▶ WHAT IS EXPECTED:
Without the images, write out the whole listing exactly.

── DATA BELOW ──

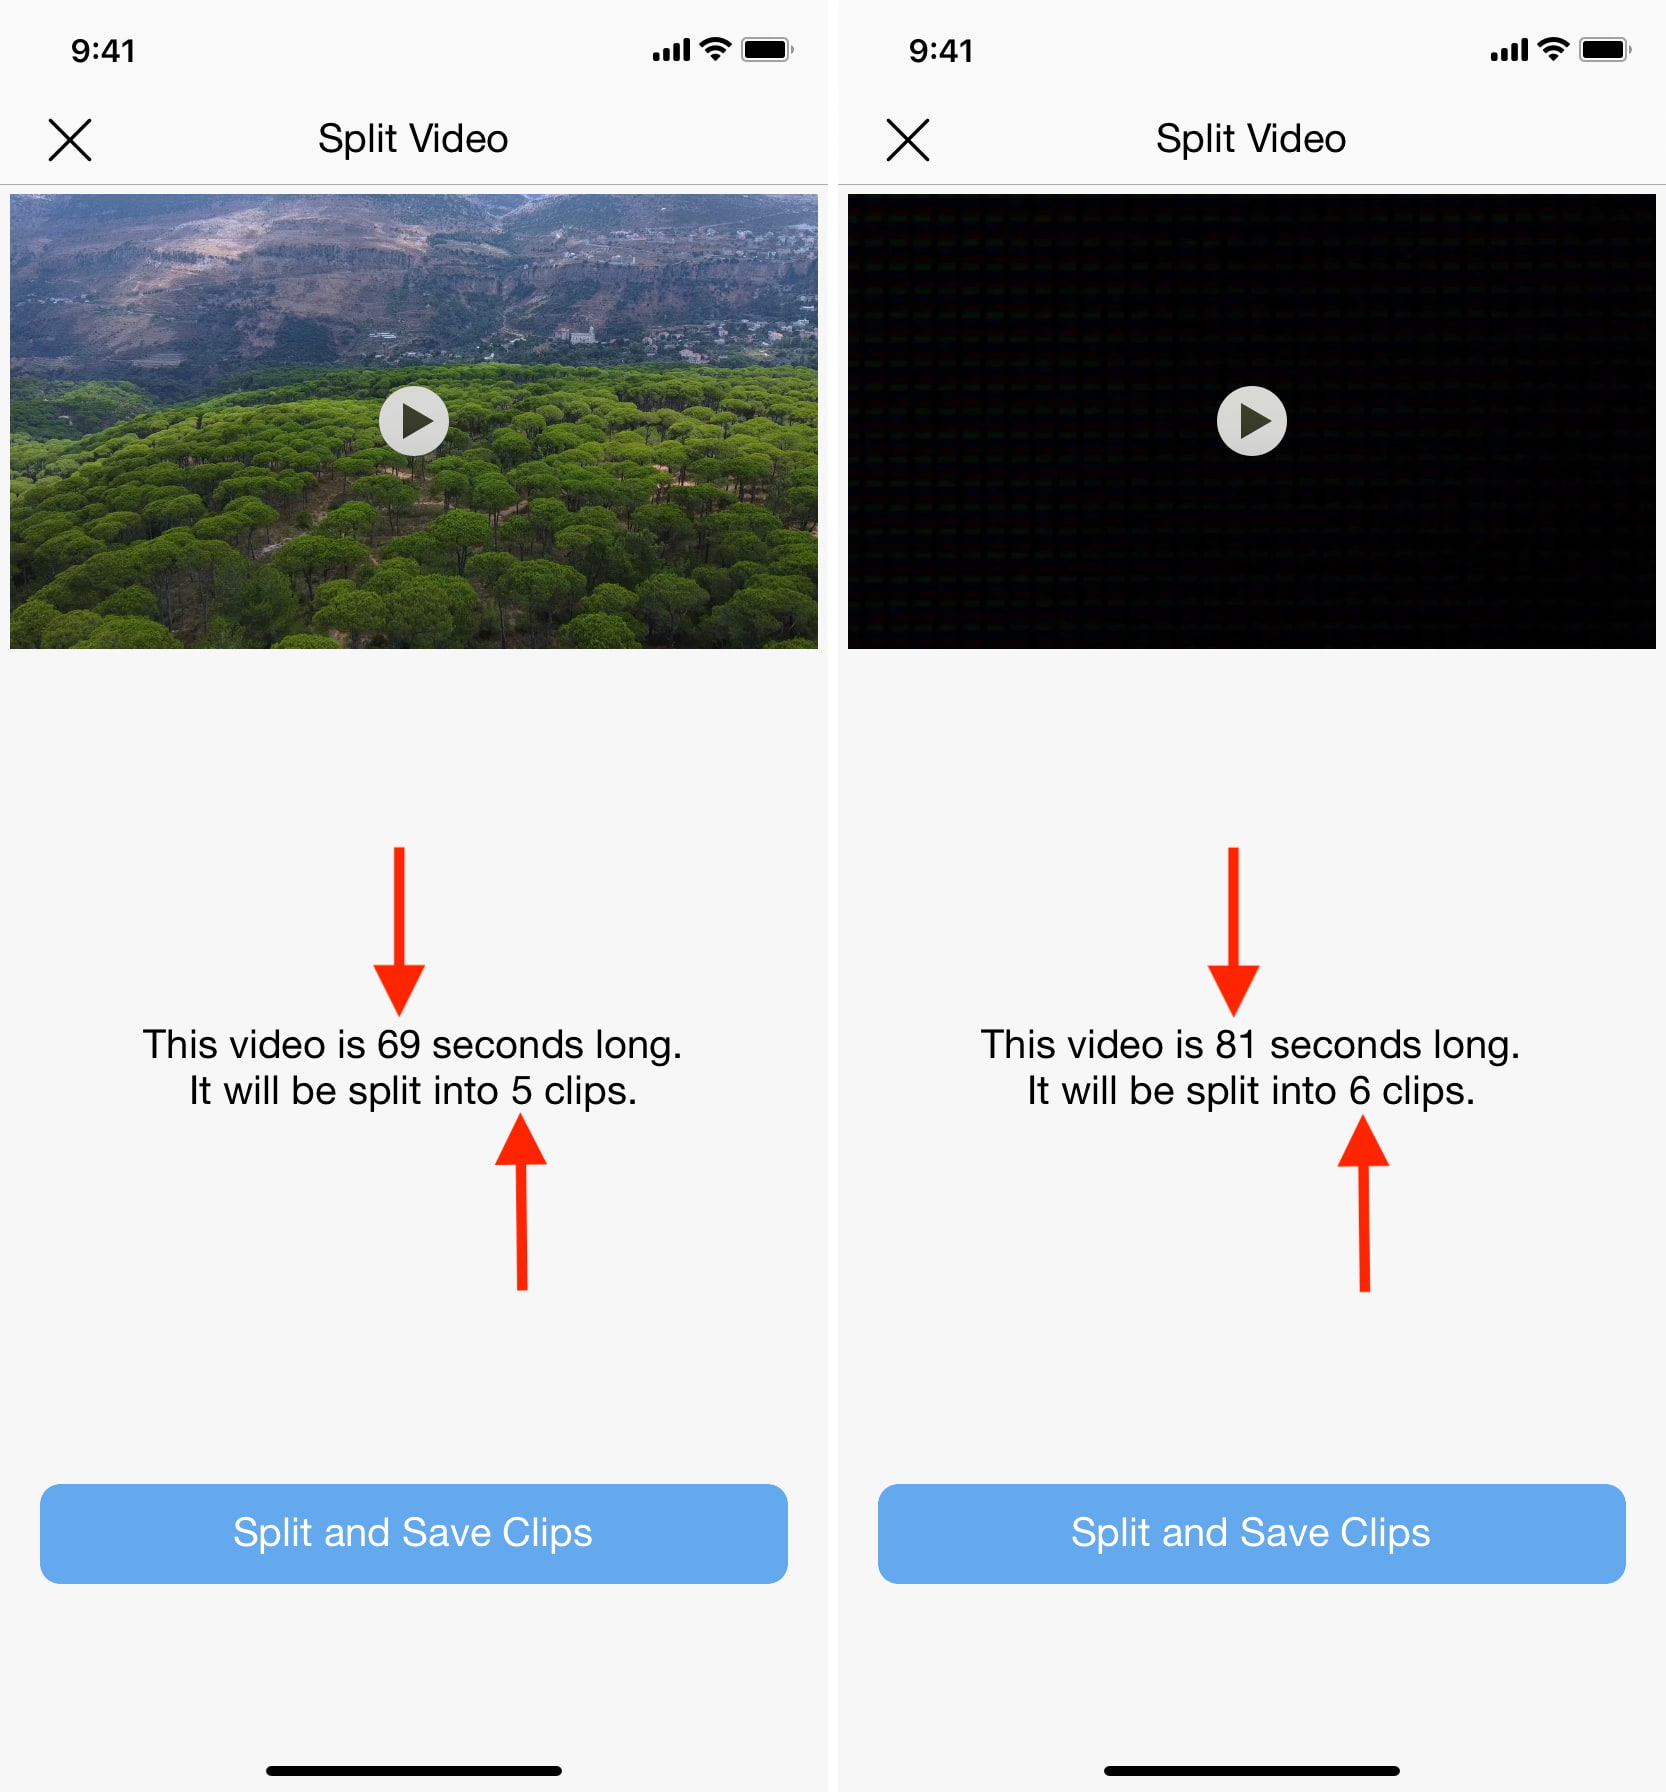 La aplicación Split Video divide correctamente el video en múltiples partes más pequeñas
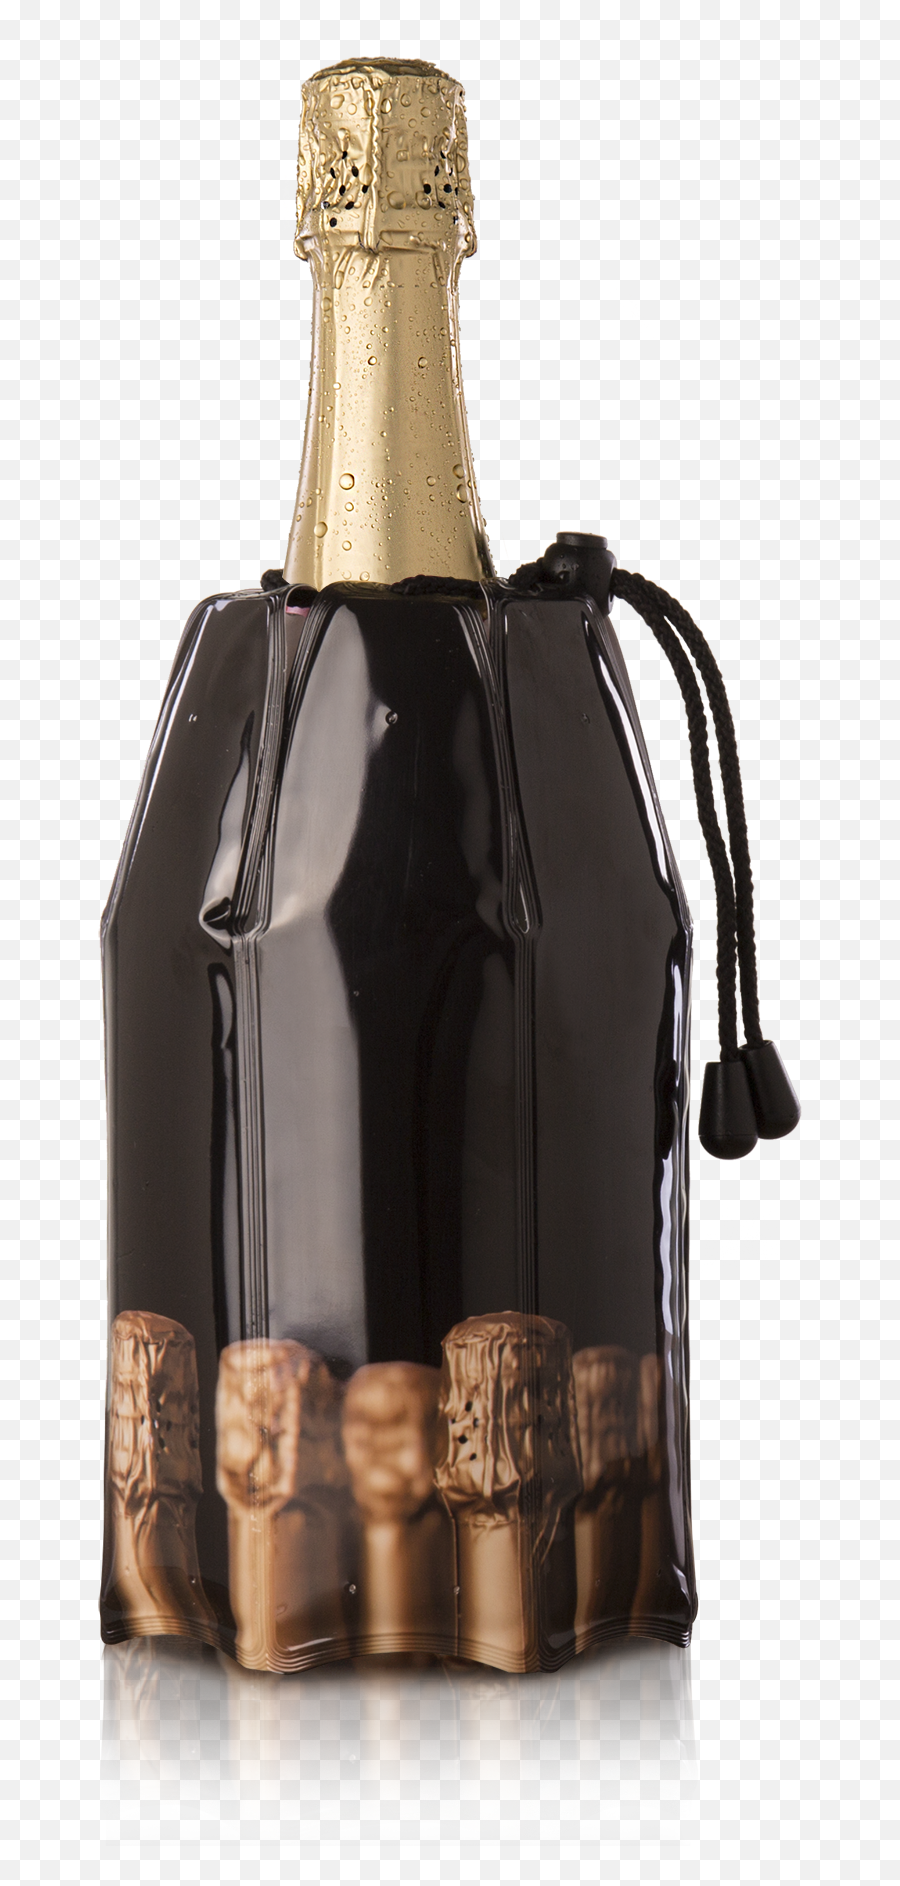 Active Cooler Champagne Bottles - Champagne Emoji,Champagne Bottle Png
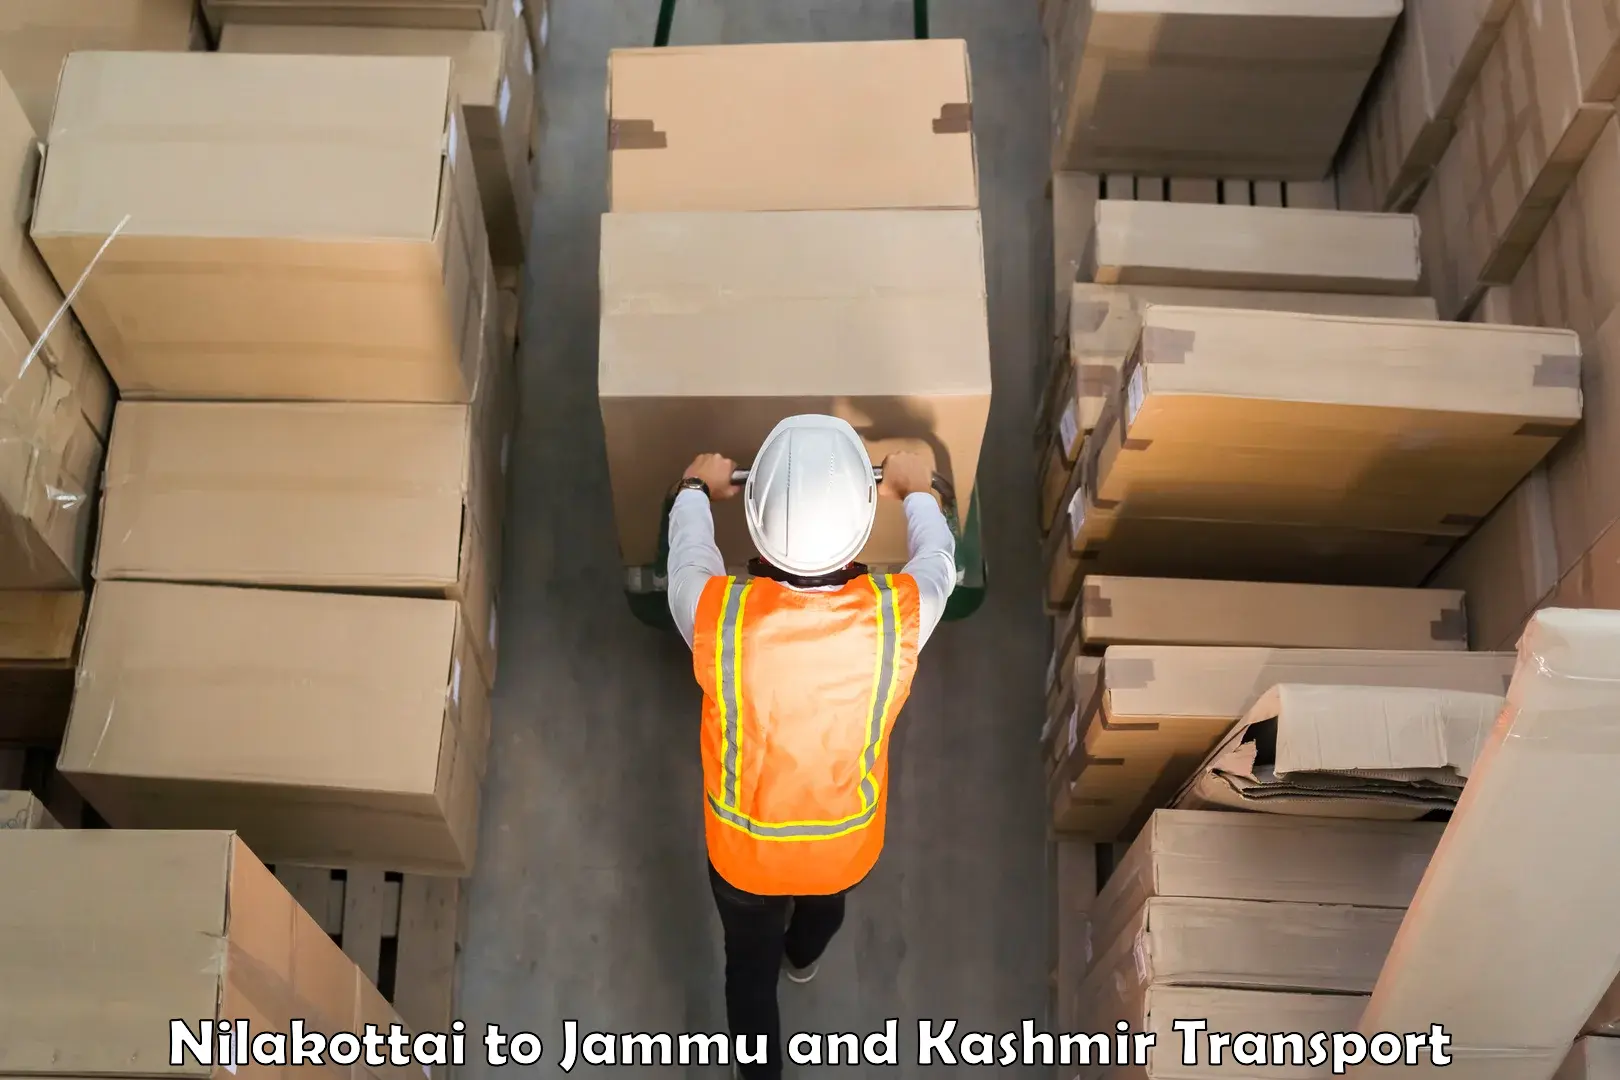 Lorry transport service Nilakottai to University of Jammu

───

▶ SOLUTION BELOW:
 La aplicación Split Video divide correctamente el video en múltiples partes más pequeñas
 Active Cooler Champagne Bottles - Champagne Emoji,Champagne Bottle Png
 Lorry transport service Nilakottai to University of Jammu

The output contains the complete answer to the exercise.